Разумеется, Устя ничего этого не знала, но, придя к Ивану Герасимовичу, как говорится, попала в кон. Старый казак расспросил ее, подумал и посоветовал.

— Ты, Устенька, поживи пока у меня, отдохни, а я расспрошу у знающих людей. Может быть, достанем тебе документ на чужую фамилию, а может статься, определим на жительство в другую местность.

Дня через четыре пришел незнакомый Усте человек. На казака он был не похож: одежда, как у иногороднего — пиджак, брюки навыпуск. Лицо сухое, умное, глаза колючие, губы тонкие, плотно сжатые, лишнего слова, видать, не выпустят.

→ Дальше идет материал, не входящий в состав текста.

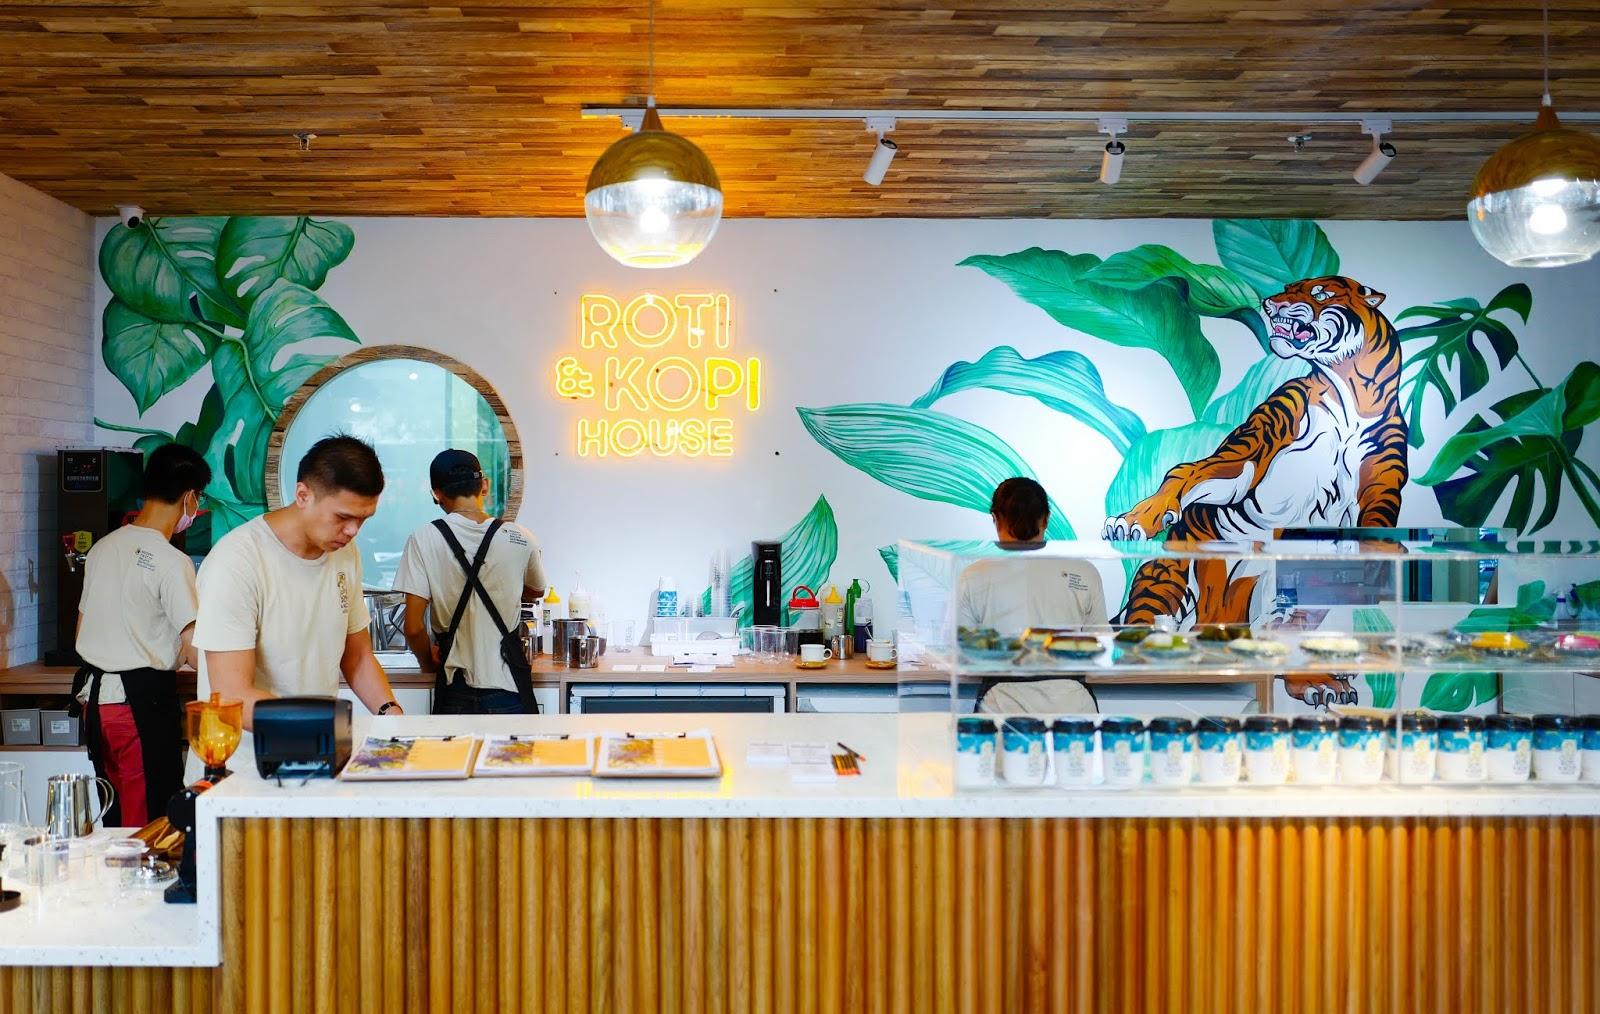 roti & kopi house, damansara uptown
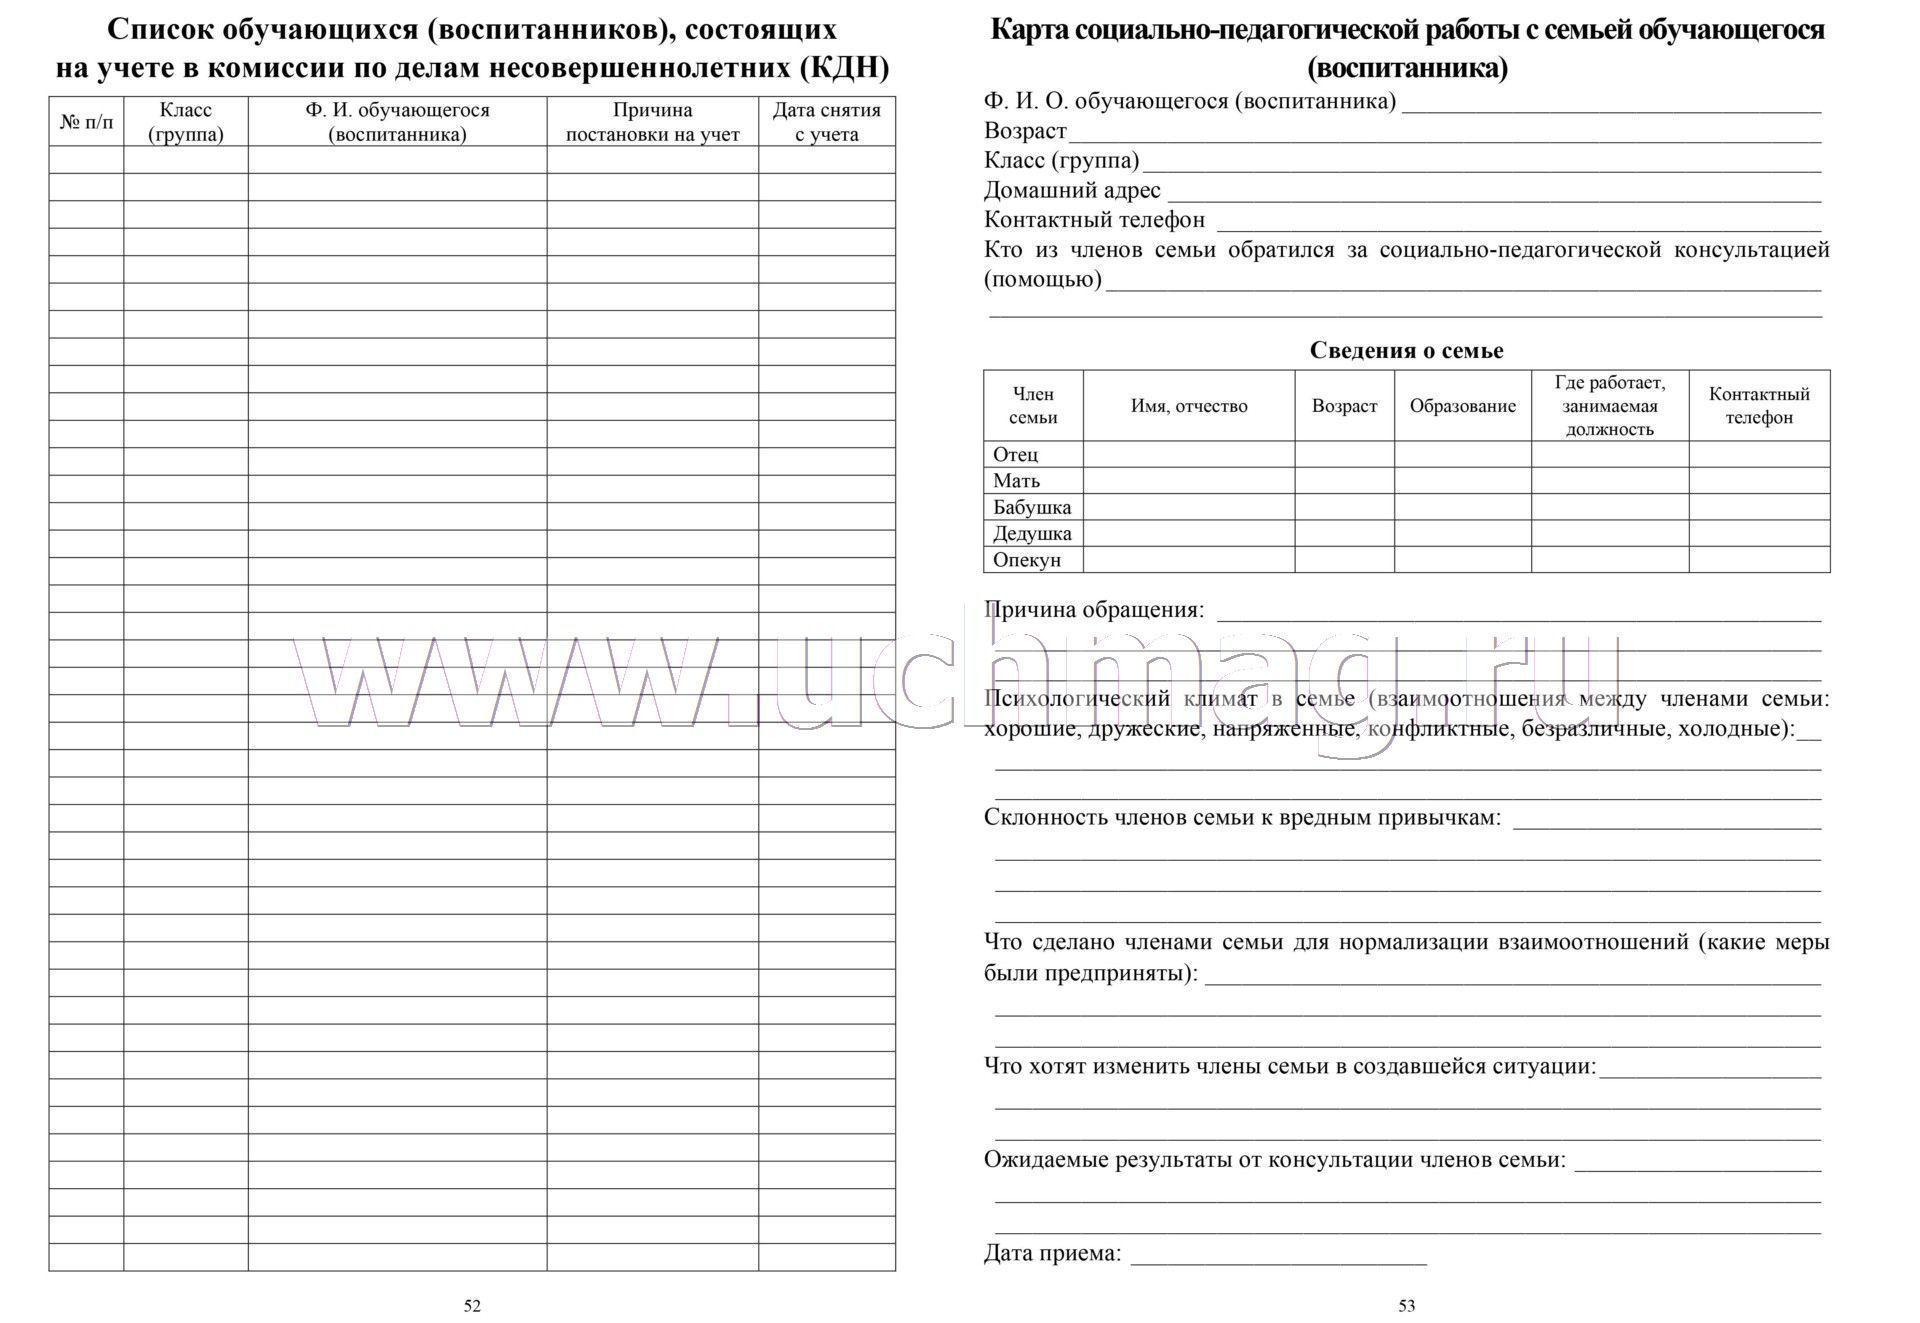 как записать код образовательного учреждения в бланке регистрации егэ

— Так вы и есть Маруся? — в упор спросил он, когда Иван Герасимович вышел из горницы.

От этих слов захолонуло на сердце. Откуда ему известно?

— Какая еще Маруся? — хрипло вымолвила она.

— Не будем прятаться друг от друга! Я приехал от Василия Алексеевича Серова и помогу вам, — ласково проговорил человек.

— Почему вы думаете, что я — Маруся?

— Это же очень просто: вы были в районе Чижинских разливов, в отряде повстанцев, а там была только одна женщина — Маруся.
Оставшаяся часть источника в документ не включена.